Уснуть, впрочем, не получилось. То, что произошло сейчас… Вроде бы, и не было в этом ничего такого особенного, но с другой стороны — наоборот, что-то почти сакральное, объединяющее не меньше, чем общий ребенок. И вряд ли я смогла бы это сформулировать словами. А еще — потянуло за собой цепочкой воспоминания, одно за другим.
В ту ночь в Вене было так жаль засыпать, хотя утром обоим предстояло рано вставать. И уже в полусне Артем пробормотал, обнимая меня:
— Том, ты мне дочку родишь?
— Обязательно дочку? — так же сонно спросила я. И открыла один глаз. — Стоп, а может, мы сначала поженимся?
— А ты хочешь?
— А ты мне предложение делаешь?
— Слушай, — он закрыл мне уши ладонями, — я случайно проболтался. Утратил бдительность и селфконтрол.
— То есть нет? — я села и ткнула его кулаком в плечо.
— Давай ты притворишься, что ничего не слышала? Ну ладно, ладно, — он увернулся от еще одного удара. — Я кольцо заказал, не готово пока. Поэтому давай так, что я ничего не говорил, ты ничего не слышала, а когда приедешь…

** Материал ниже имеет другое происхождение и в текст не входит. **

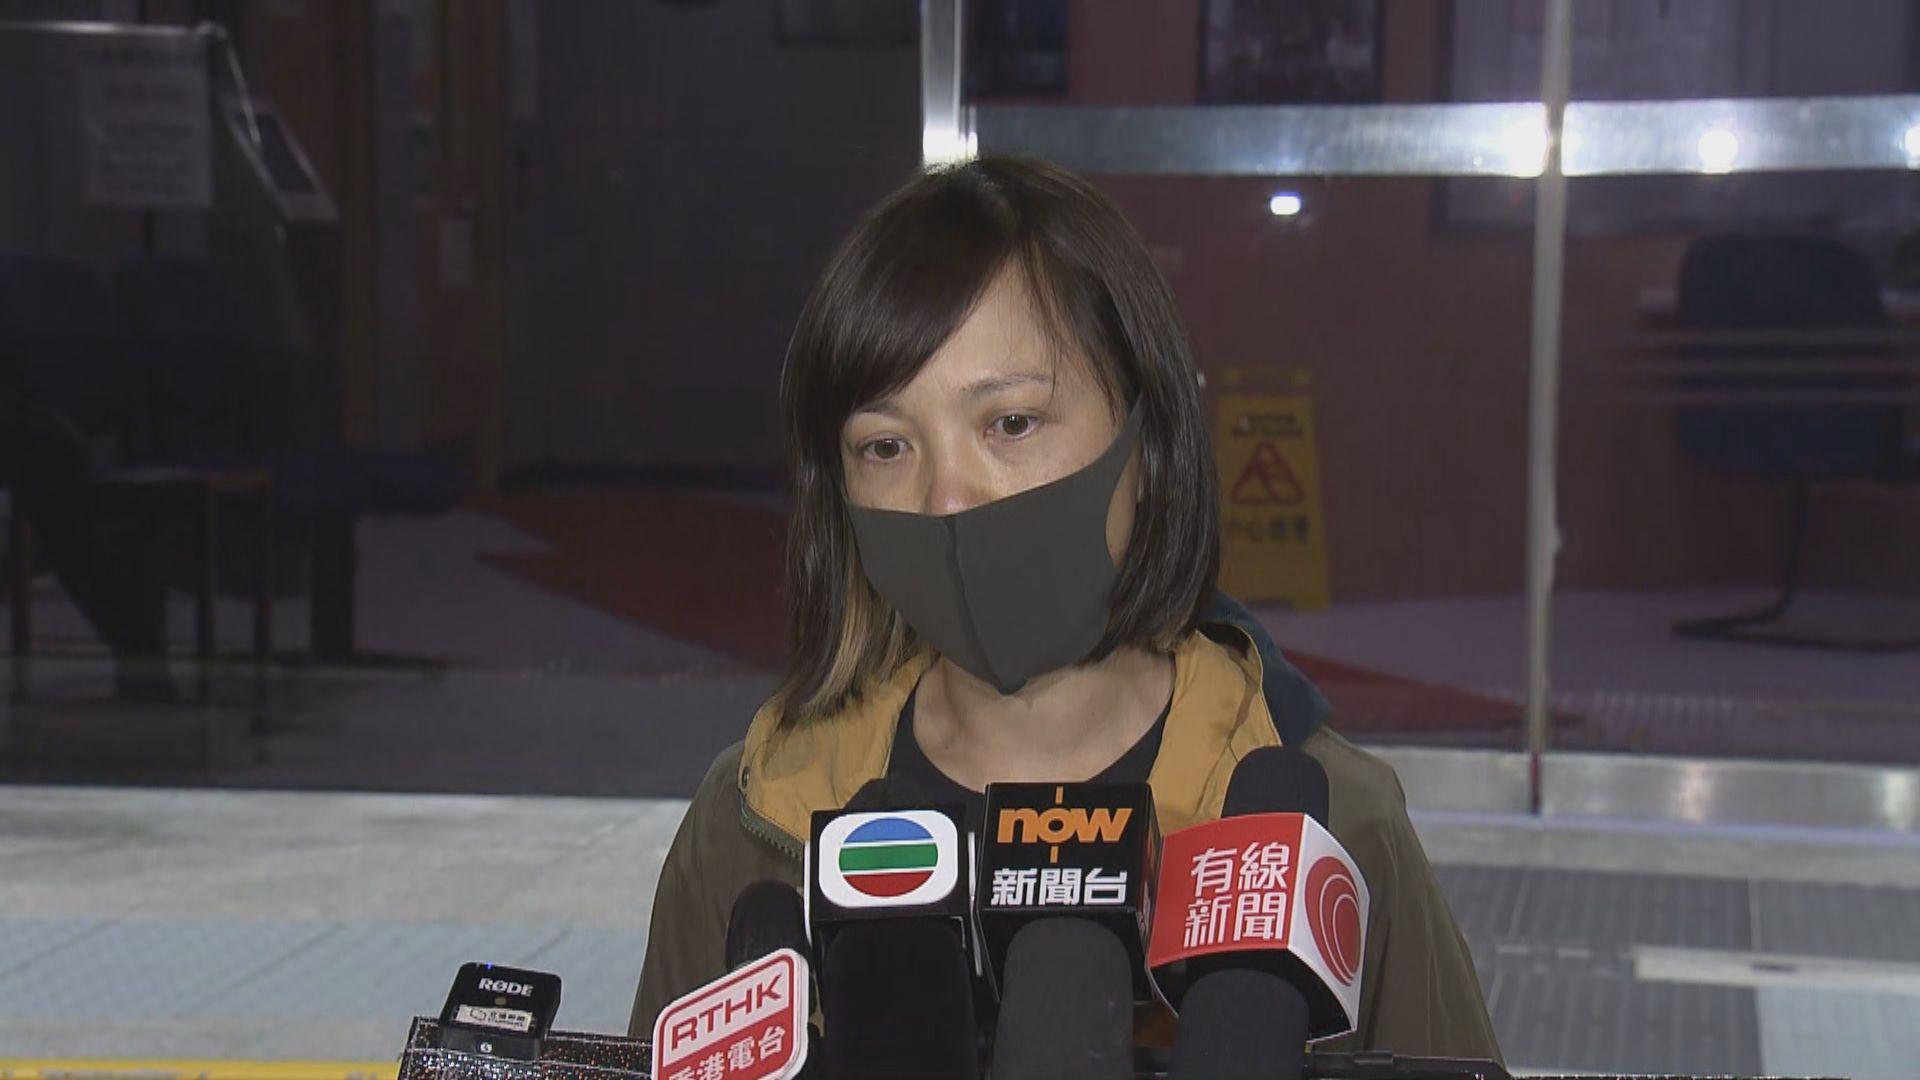 壹傳媒三名高層獲保釋 陳沛敏感謝同事謹守崗位

Уже потом Артем рассказал, как тяжело дались ему те полтора месяца. И трудно сказать, что было тяжелее — воспоминания о прошлом или мысли о том, что может потерять меня. Ведь он же чувствовал все — мой страх и неуверенность. Особенно когда я уехала. В те первые десять дней, пока по моему голосу не понял, что все изменилось. Кстати, он признался, что большей частью держался на беседах с Лазутиным, который действительно очень помог. В том числе и тем, что дал понять: просить о помощи не стыдно.